The design team held the inception meeting with our client, the wonderful charity Equi-power, at their riding centre in the Borders, where Susie Elliot MBE gave a passionate description of the many benefits that contact with horses brings to peoples physical and mental health.

Activities including riding, equestrian vaulting and caring for horses bring a range of benefits to people of all ages and backgrounds with diverse physical and mental abilities, including people without the use of their limbs, impaired senses, Multiple Sclerosis, Parkinson’s, autism, anxiety, post-traumatic stress disorder, families in need of support and school groups.

Of course, being in the company of, and interacting with, animals is a natural thing and good for us all. The Riding for Disabled Association offers a safe and well-managed environment for both animals and people. It’s also good for a design team.

It’s a wonderful but rare thing to have a project where we consider the needs for more than one species as a core need. Doing so broadens our design skills, understanding the physical and sensory environments that will enable two species to thrive together.
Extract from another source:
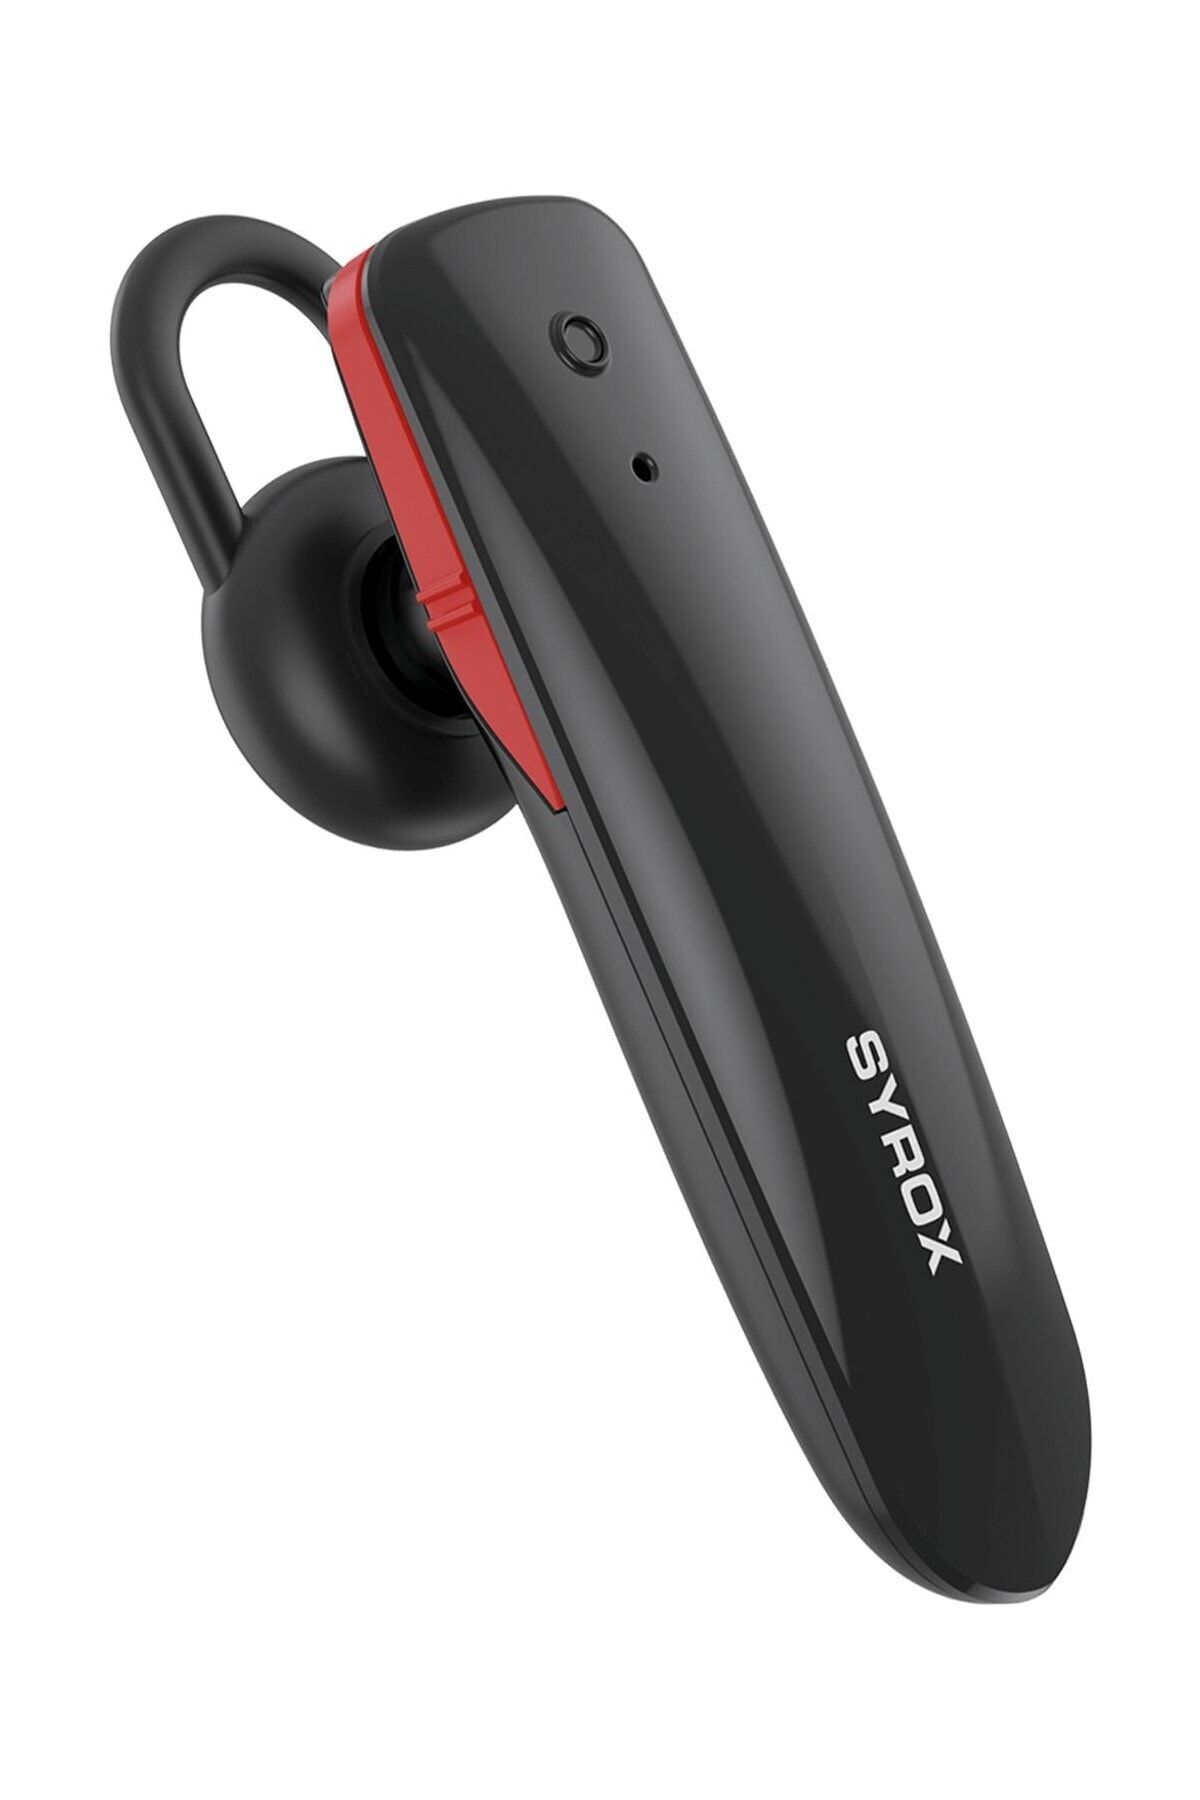 Syrox Mx16 Tek Kulak Iş Ve Spor Kablosuz Bluetooth Kulak Içi Kulaklık

We increasingly recognise the importance of designing for the diversity of our own species as well. People vary hugely – in their physical and cognitive abilities, in their culture and resources. Understanding the diversity of our species is not something that design consultants are trained in, but its central to delivering an inclusive and prosperous society.

Designing and adapting our built realm so that it enables all of us to thrive and contribute to our communities and economy at all stages in our lives is at the heart of our just transition to a generative future. It is especially important as we adapt our town centres to become age-friendly environments, as older people become an increasingly significant resource for Scotland. The Dementia Design Centre at Stirling University has been a leading organisation in developing inclusive design guidance in this field, along with Public Health Scotland.

So, at the end of Mental Health Awareness Week, it is great to be looking forward to a project with such potential to explore the contribution that design can make to inclusion. Maybe by considering the needs of our fellow animals more, we will learn to take care of ourselves a little better too.